Posted by Richard B. Primack
“Nature will bear the closest inspection; she invites us to lay our eye level with the smallest leaf, and take an insect view of its plain. She has no interstices; every part is full of life”
-Thoreau (1842) The Natural History of Massachusetts
The snow has finally melted on the mountains at Acadia
National Park. Caitlin’s elevational transects and transplant gardens are now
paying some unexpected dividends. Two
remote sensing specialists, Prof. Crystal Schaaf and grad student Liu Yan from
the University of Massachusetts at Boston visited Acadia to determine if these
leaf out transects, which go up and down three mountains, will provide the
crucial ground-truthing data needed to validate satellite data of spring
green-up times. Will the density of sampling along the transects be sufficient?

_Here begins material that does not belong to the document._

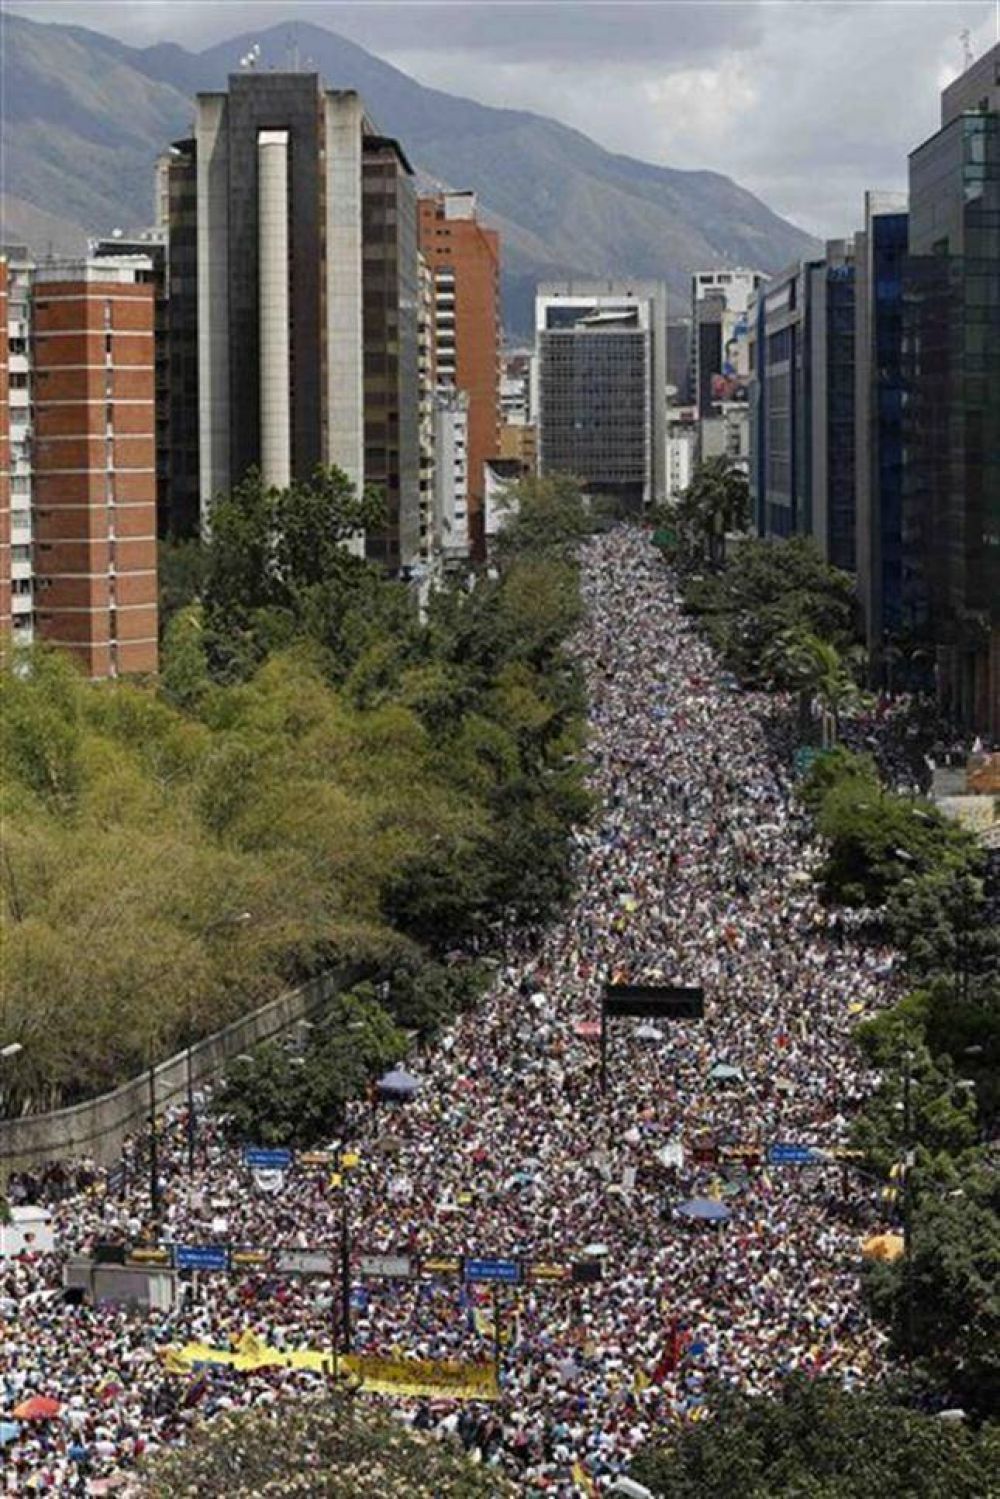 Los estudiantes venezolanos volvieron a la calle

And will the transects exhibit enough spring green-up, despite the abundance of
rocks and evergreen trees?
Here Caitlin (on the left) points out some plants that are leafing out in
a transplant garden, with Richard Primack, Crystal Schaaf, and Liu Yan (on the right) looking on.
Later, on a walk through the forest, we noticed a strange,
shiny, black, highly patterned structure on the ground. The structure was about
the size of a grape. But what was it? One theory was that it might be the fruiting structure of a slime
mold. Another theory was that it was the egg case of a mollusk.
What could it be? It had a dense rubbery texture when poked.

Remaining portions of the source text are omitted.